Electronic health records (EHRs) are quickly becoming omnipresent in healthcare, but interoperability issues and technical demands limit their use for biomedical and clinical research. Interactive and flexible software that interfaces directly with EHR data structured around a common data model (CDM) could accelerate more EHR-based research by making the data more accessible to researchers who lack computational expertise and/or domain knowledge.

Results

We present PatientExploreR, an extensible application built on the R/Shiny framework that interfaces with a relational database of EHR data in the Observational Medical Outcomes Partnership CDM format. PatientExploreR produces patient-level interactive and dynamic reports and facilitates visualization of clinical data without any programming required. It allows researchers to easily construct and export patient cohorts from the EHR for analysis with other software. This application could enable easier exploration of patient-level data for physicians and researchers. PatientExploreR can incorporate EHR data from any institution that employs the CDM for users with approved access. The software code is free and open source under the MIT license, enabling institutions to install and users to expand and modify the application for their own purposes.

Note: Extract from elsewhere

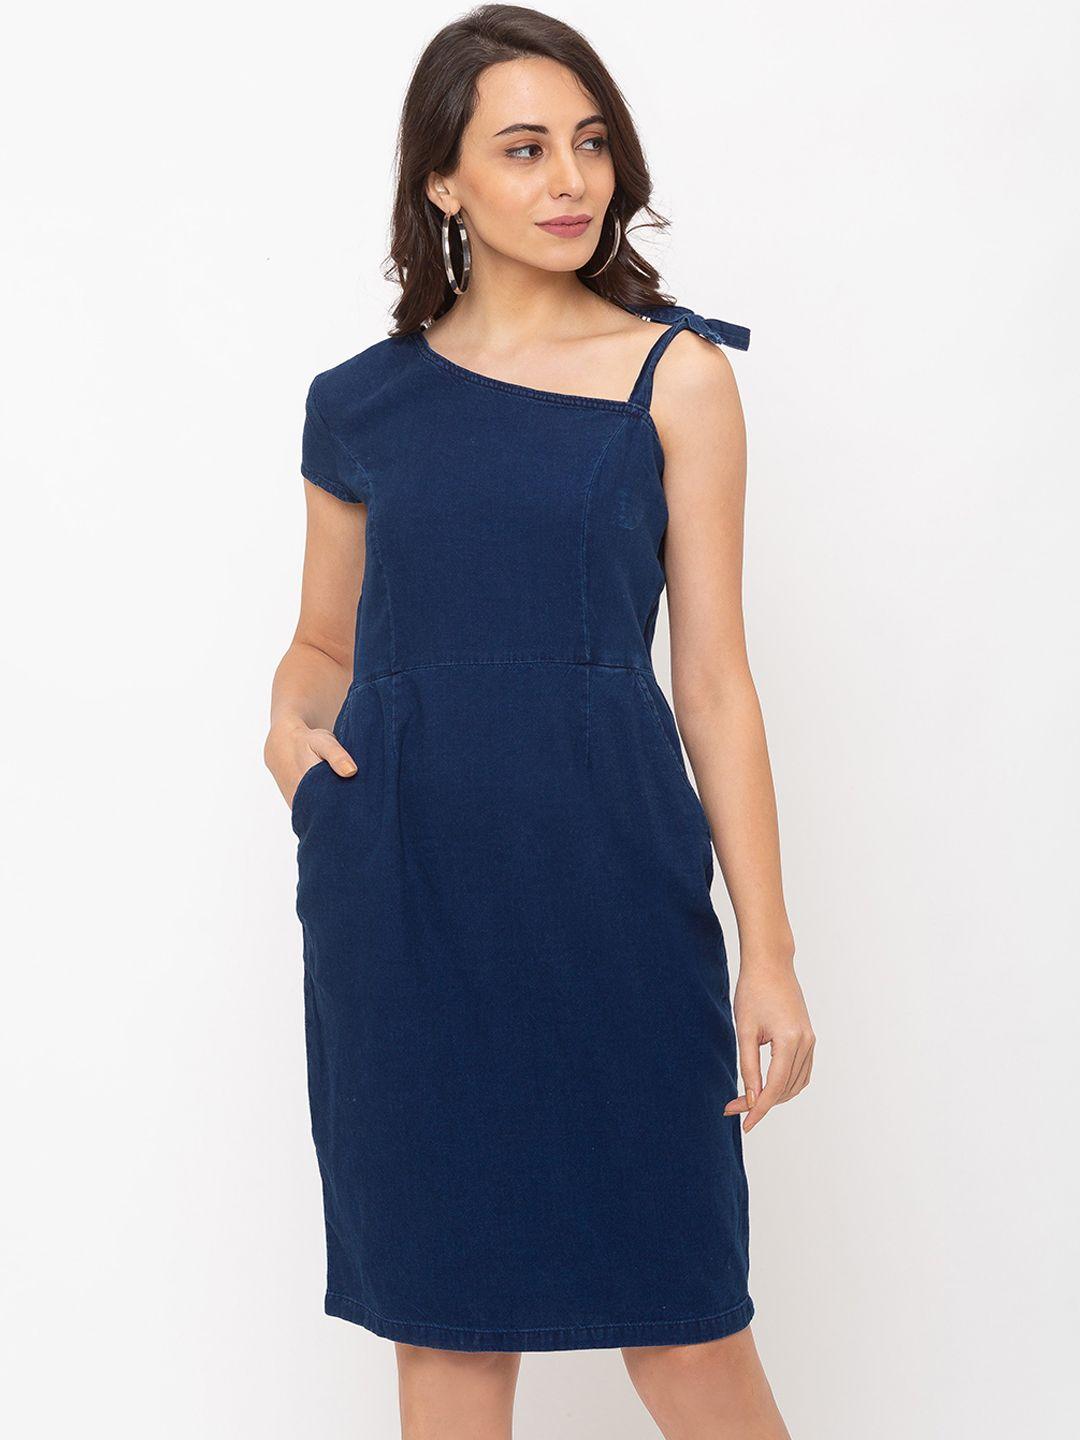 globus women navy blue solid one shoulder sheath dress

Availability and implementation

PatientExploreR can be freely obtained from GitHub: https://github.com/BenGlicksberg/PatientExploreR. We provide instructions for how researchers with approved access to their institutional EHR can use this package. We also release an open sandbox server of synthesized patient data for users without EHR access to explore: http://patientexplorer.ucsf.edu.

Supplementary information

Supplementary data are available at Bioinformatics online.

1 Introduction

Large-scale electronic health record (EHR) data have demonstrated the potential to completely transform the process of scientific discovery in precision medicine (Glicksberg et al., 2019; Jensen et al., 2012). The ‘real world data’ contained within EHRs can benefit scientists and physicians across a range of disciplines (Frankovich et al., 2011). However, challenges remain that limit effective use of these data for research, including incompatible data framework between institutions as well as a lack of technical and domain expertise for researchers.

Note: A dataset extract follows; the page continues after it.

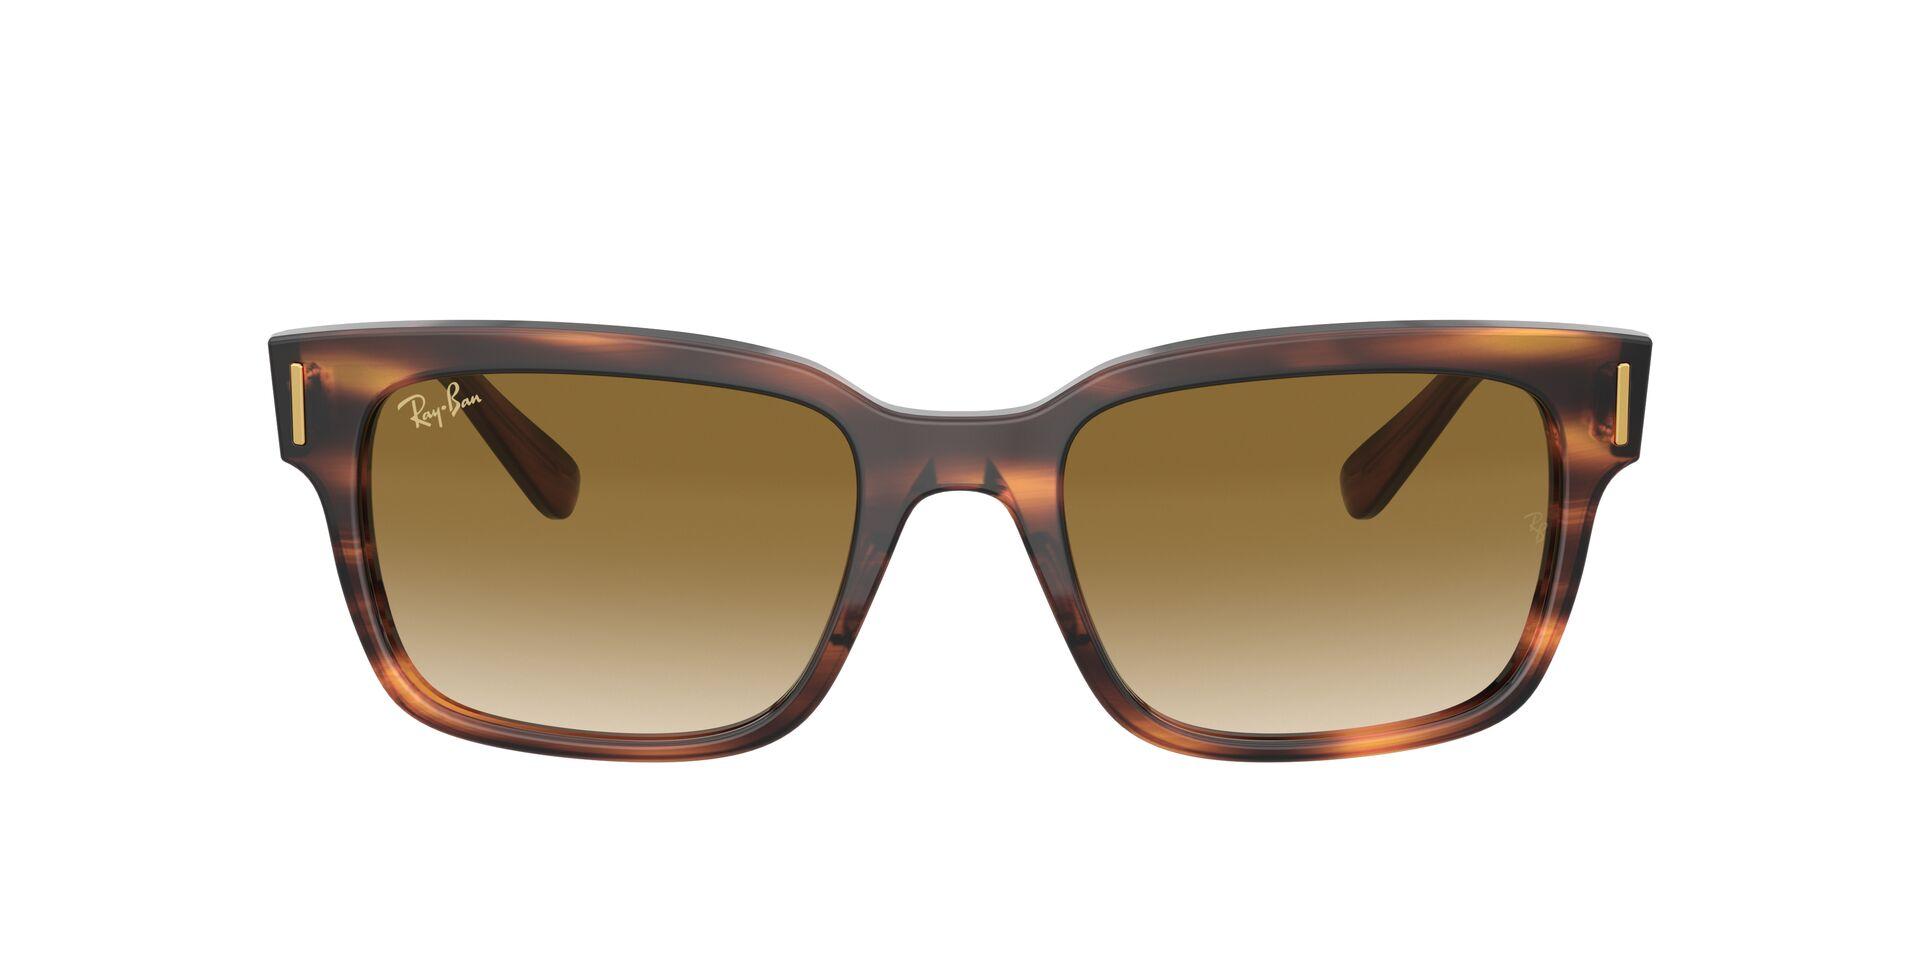 Mắt Kính RAY-BAN JEFFREY - RB2190 954/51 -Sunglasses

In recent years, standardized data models, such as the Observational Medical Outcomes Partnership (OMOP) common data model (CDM) (https://www.ohdsi.org/data-standardization/the-common-data-model/), developed by Observational Health Data Sciences and Informatics (OHDSI; https://www.ohdsi.org/) or the Fast Healthcare Interoperability Resources (FHIR; https://www.hl7.org/fhir/) framework have been developed and reduced interoperability issues in EHR-based research. Frameworks such as these have lowered the barrier for cross-institution collaborations and enabled the verification of new discoveries across diverse institutional settings and the replicability of key findings (Duke et al., 2017; Hripcsak et al., 2016; Rajkomar et al., 2018; Vashisht et al., 2018).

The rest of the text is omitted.